(EXERCISE) The answer must consist solely of the lines from the line with "Un joueur de tennis en action" to the end of the data below, transcribed exactly and with no pictures.

Source data:
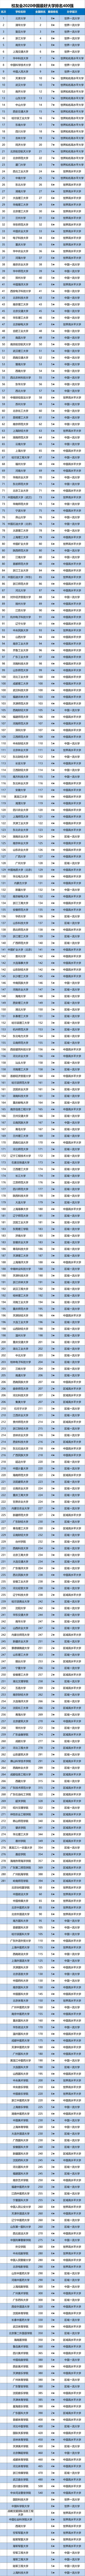 2020年全国排名前十_原创中国摩托车“出口冠军”:10个月卖出65万辆,连续
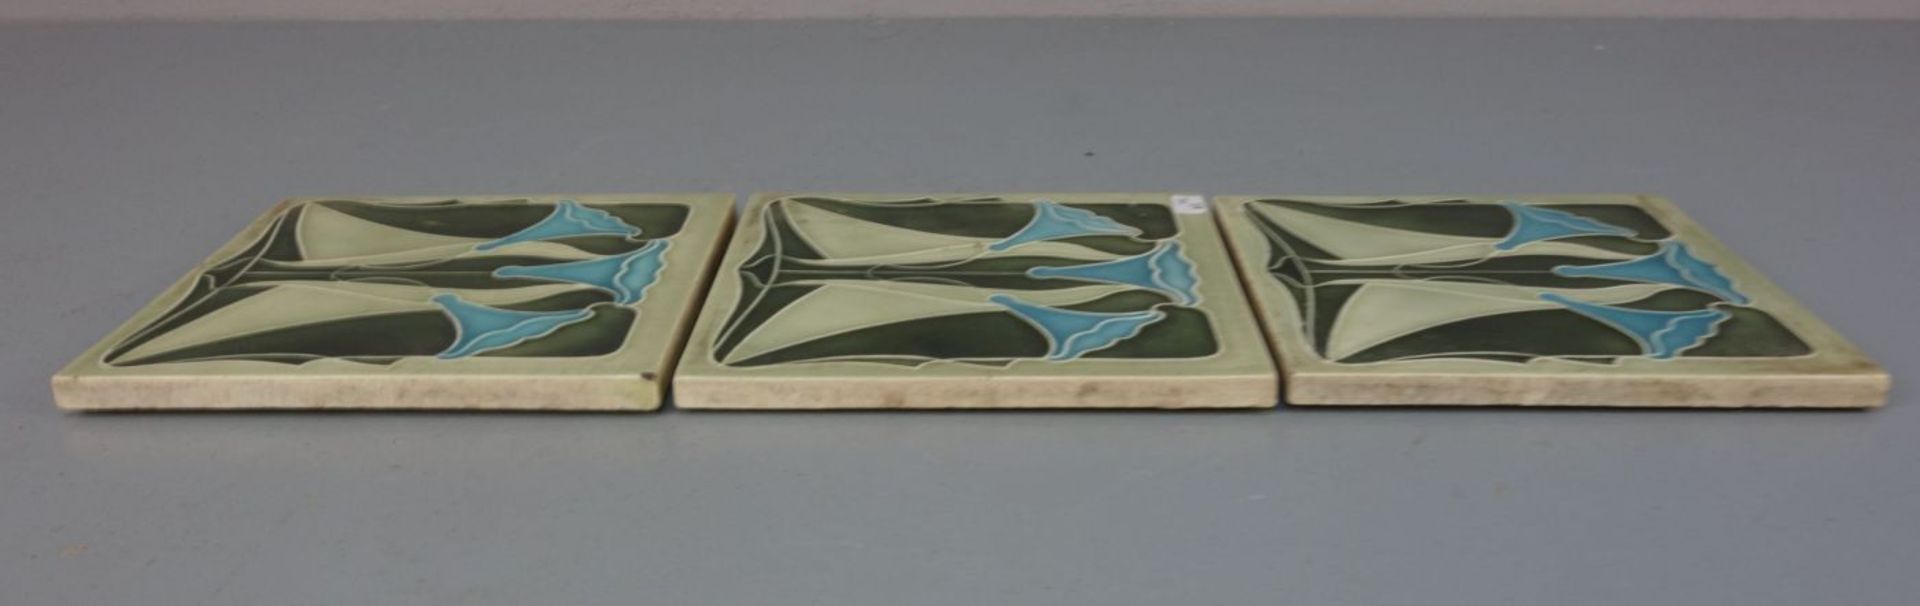 3 JUGENDSTILFLIESEN / art nouveau tiles, heller Scherben, um 1900, dreifarbig glasiert mit - Bild 4 aus 7
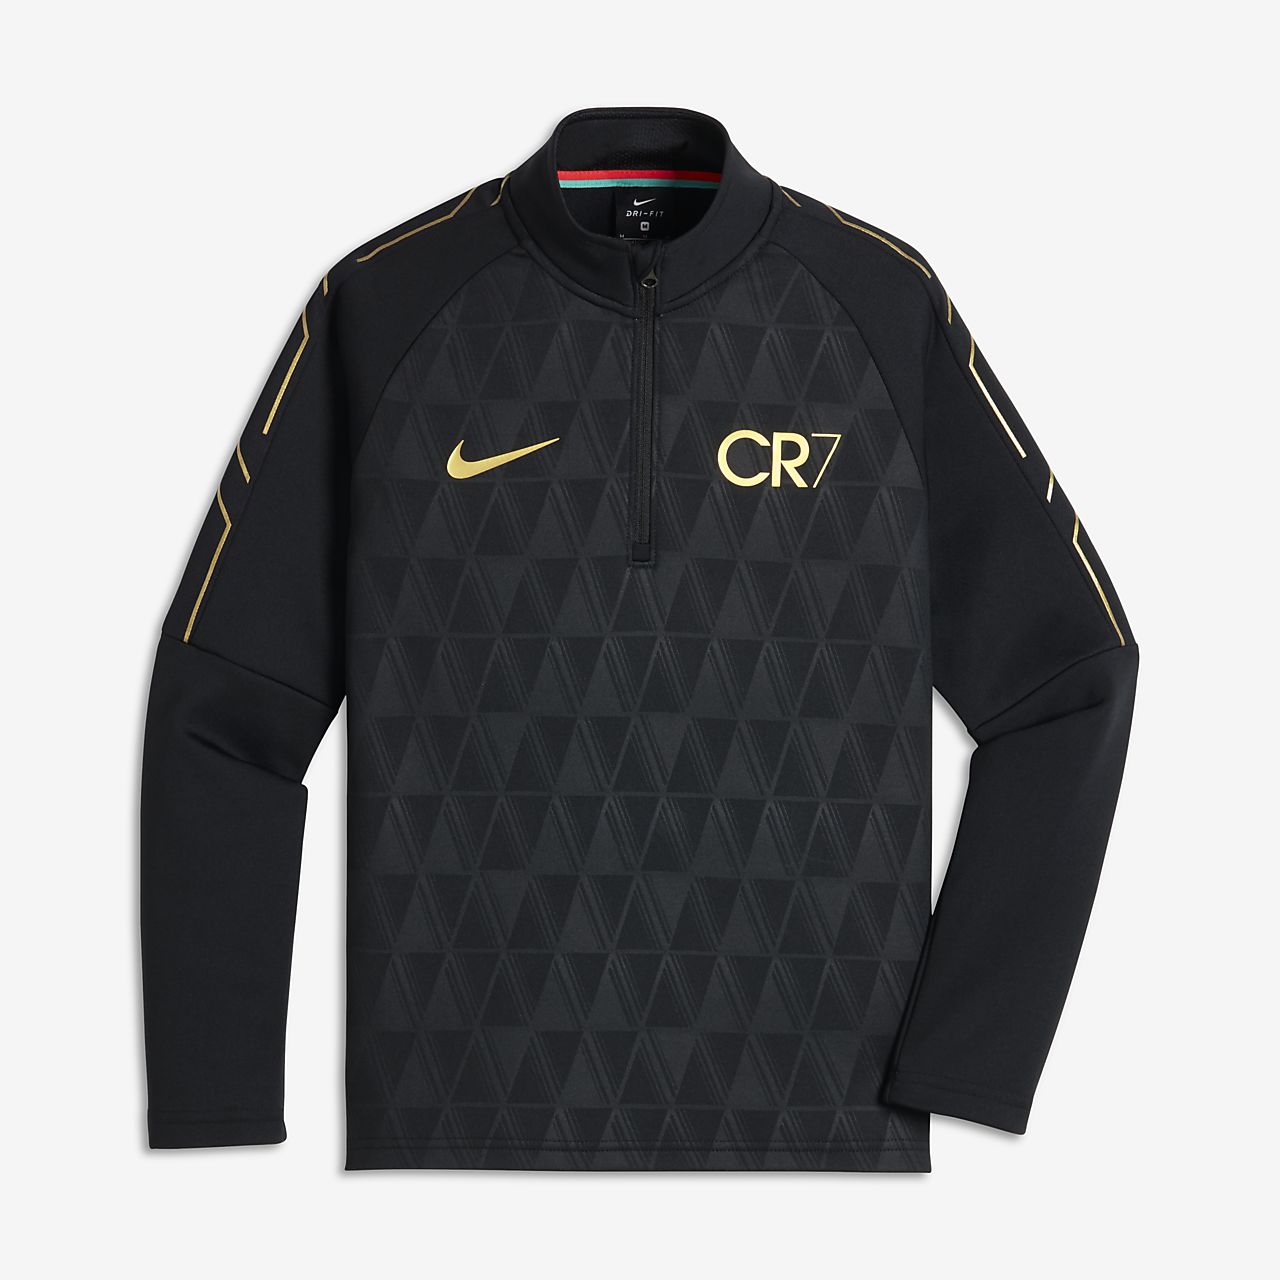 cr7 jacket nike
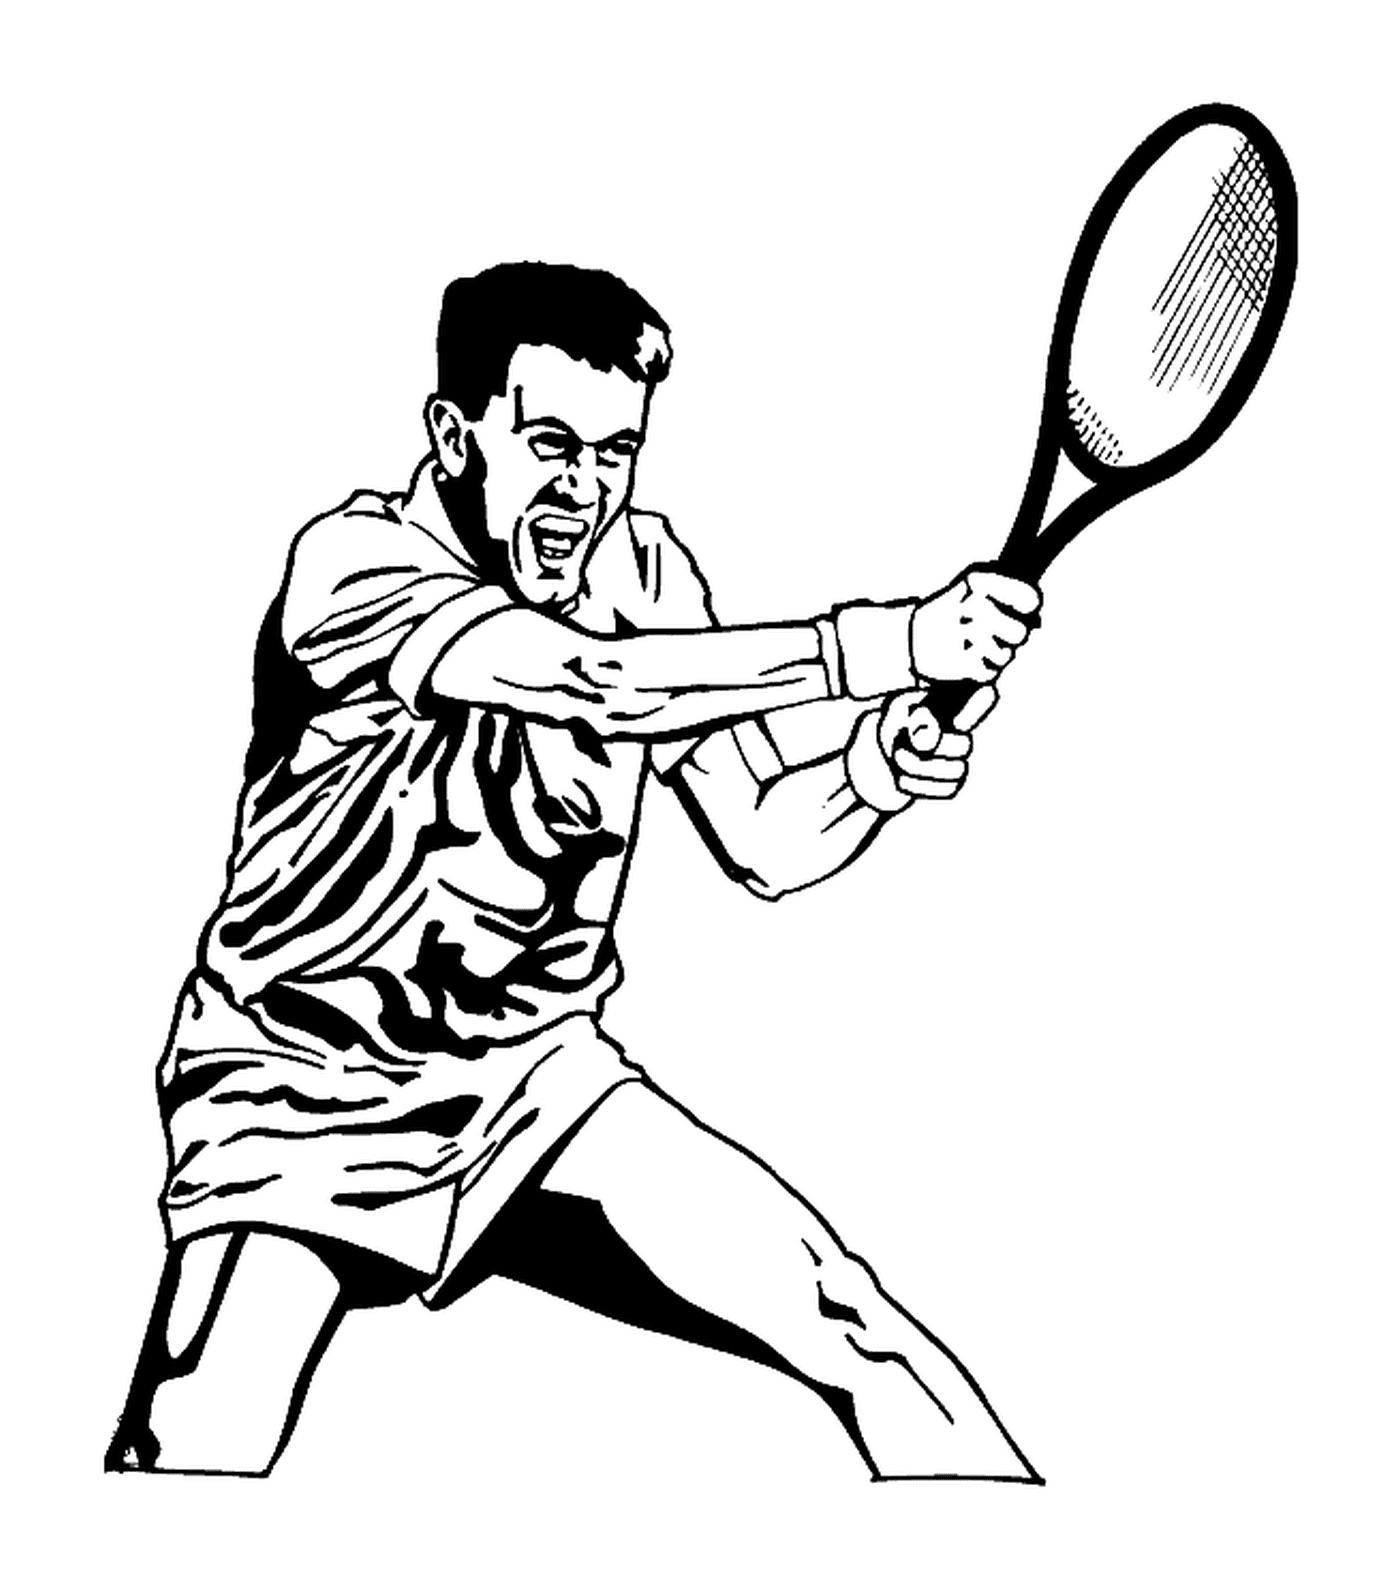   Un joueur de tennis en action 
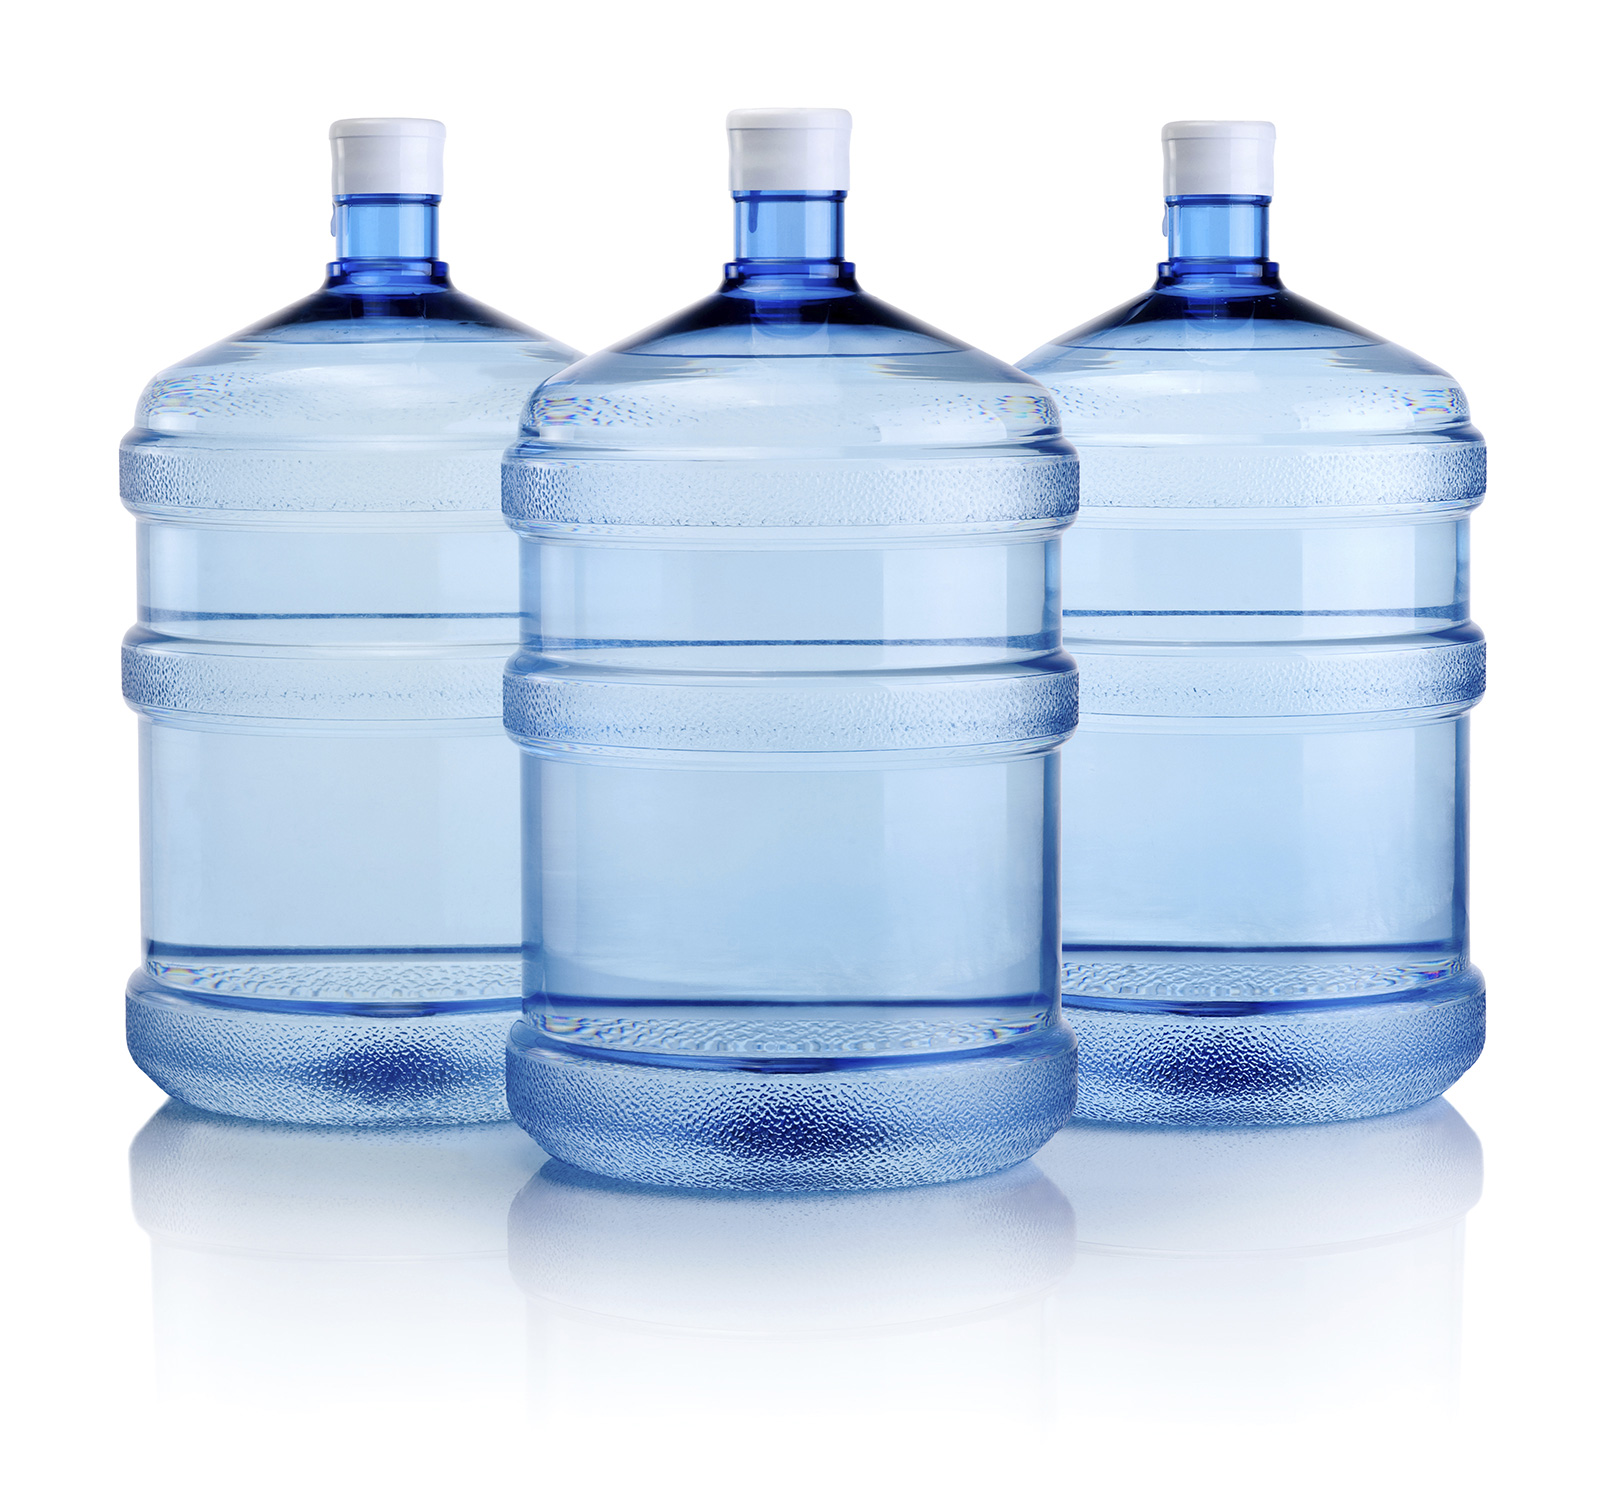 Питьевая вода для офиса. Бутилированная вода. Бутылка для воды. Вода в бутылях. Бутилированная вода бутылка.

(RESULT FOR THIS TASK)
   Un joueur de tennis en action 
 Питьевая вода для офиса. Бутилированная вода. Бутылка для воды. Вода в бутылях. Бутилированная вода бутылка.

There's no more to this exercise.